Lexicon#
The definition of technical terms sometime fluctuates in deep-learning. In this lexicon we adopt definition that fit the CSBDeep and N2V libraries.
Activation function
Non-linear function applied to the result of a neuron's calculation. See these examples
Back-propagation
Back-propagation is the algorithm used to updated the weights of a network according to its output, usually using a loss function.
Batch size
Number of images, named patches, that the network sees at each training step.
Model
The neural network, consisting of a set of layers, each with various number of neurons, and the connections between these nodes. The neural network is capable of performing calculations by inputing an image (pixel values) in its input layer, propagating the values through its layers and outputting a prediction. Each neuron of a layer performs a simple calculation, that is then aggregated for the whole layer and passed to the next layer.
GPU
Graphical Processing Unit, which allows performing a large number of small computations in parallel. GPUs allow accelerating the training and prediction of neural networks.
Ground-truth
"Reality" of what we want the network to output. For instance, if we want to perform denoising, the ground-truth are clean images where noise is minimal, as opposed to the inputs which should be noisy images.
Layer
A set of neurons working in parallel.
Learning rate
Parameter regulating the magnitude of the weights update.
Loss function
Function aimed at judging "how good" the network performs by comparing the prediction output to a "ground-truth" value. Throughout training, we visualise the loss function on both the training and validation sets in order to assess how well the training is going.
Neuron
A unit in the neural network. A neuron performs a simple calculation on inputs, usually by multiplying inputs by weights, adding an offset (bias) and applying a non-linear function (activation function) to the sum.

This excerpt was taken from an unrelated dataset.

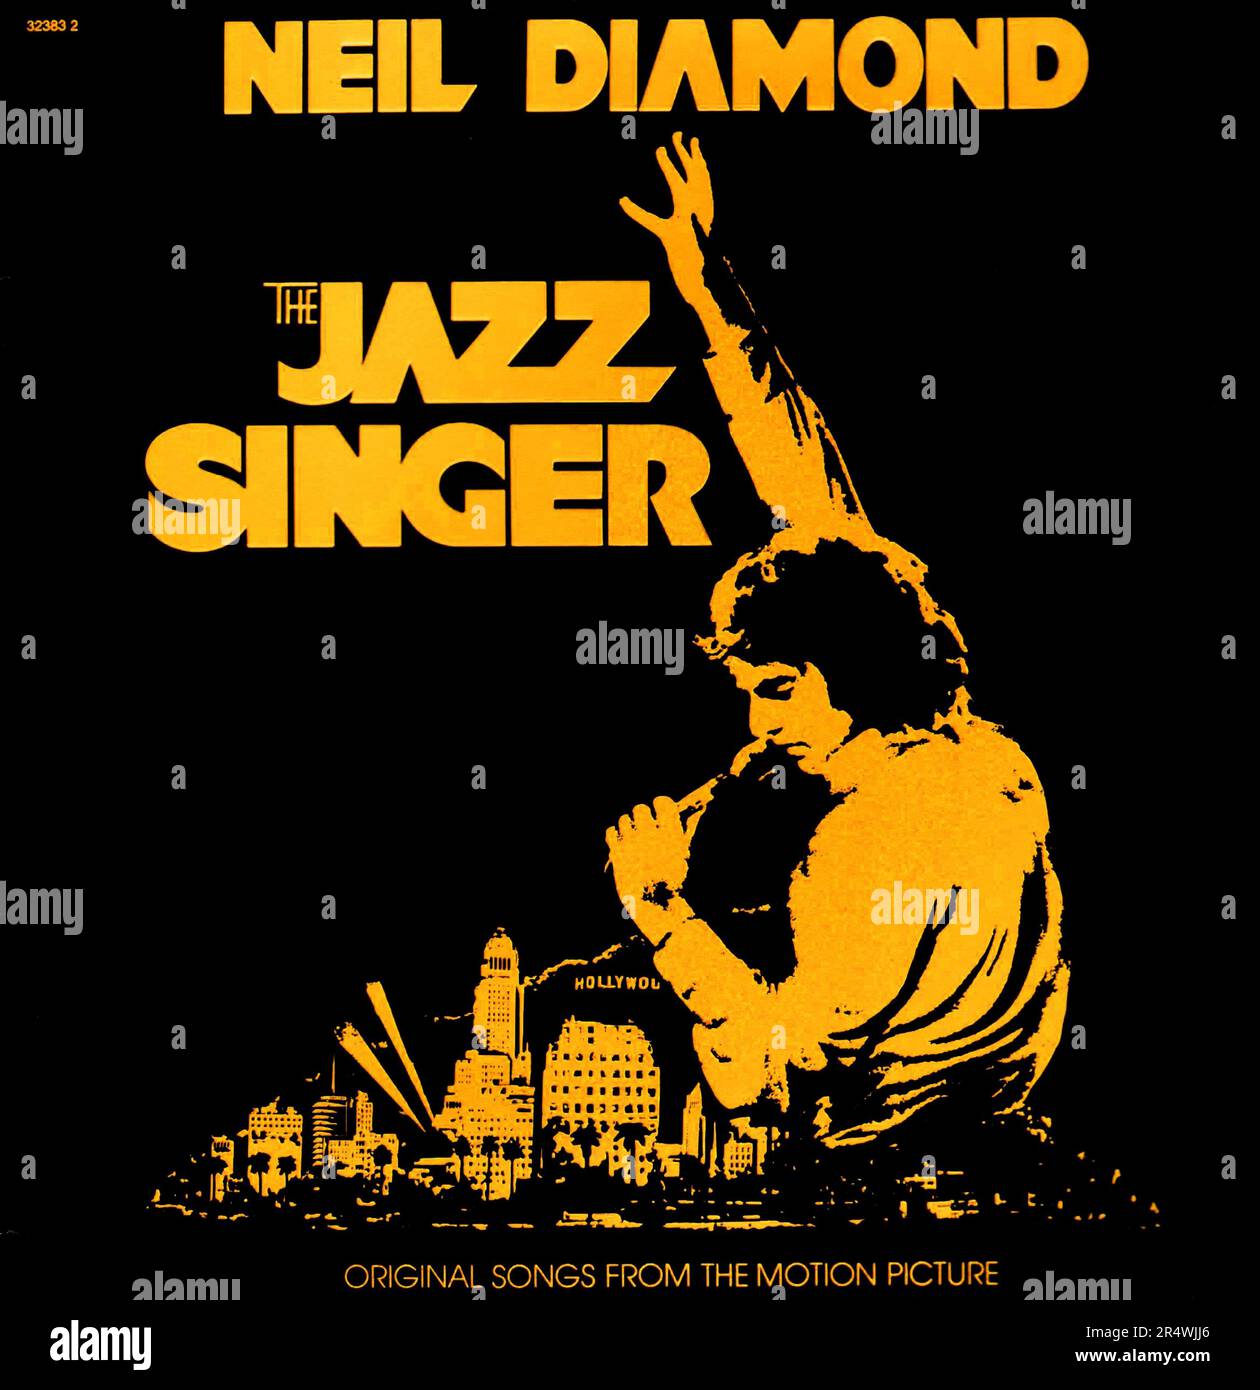 Il Cantante Jazz è un album di Neil Diamond che è stato rilasciato nel 1980. È stata la colonna sonora per il 1980 remake del film con lo stesso nome. Mentre il film ha bombardato, l'album ha venduto oltre 5 milioni di copie ed è stato il diamante più grande mai vendere album negli Stati Uniti. Foto Stock

Example: With input \(x_1\) and \(x_2\), a neuron would typically output:
\(out = f(x_1 * w_1 + x_2 * w_2 + b)\)
where \(f\) is an activation function.
Patch size
In order to "fit" in the GPU memory, which is often the limiting factor, images need to be all cropped. What the network is trained on is a number of patches, i.e. image crops. These patches are all the same size and are aggregated in batches. A single batch is presented to the network during a single step of each epoch.
Prediction
Output of the network.
Test set
A set of images that the network never saw during training. It is important for these images never to be added to the training or the validation set. The test set is used to assess the performances of the network on unseen data, that is to say how well it generalizes to similar images.
Training
Training a network is the act of changing the weights of the neural network until its performances do not increase anymore. During training, at each step, a subset of the training images is presented to the network, the loss is computed between the predictions and the "ground-truth". Then, gradients are built from the value of the loss, and the weights of the network are updated accordingly. At the end of each epoch, the loss is computed on the validation set for reference.
Training epoch
An ensemble of training steps. At the end of each epoch, the validation loss is computed.
Training set
Ensemble of images the network is trained on.
Training step
An iteration of learning.
UNet
A specific model architecture popular in bioimage analysis.
Validation set
Ensemble of images used to assess the performances of the network during training. The validation set is not used to train the network, only to assess that the training is going well.
Weights
The parameters of a Model that define all the neural network node calculations.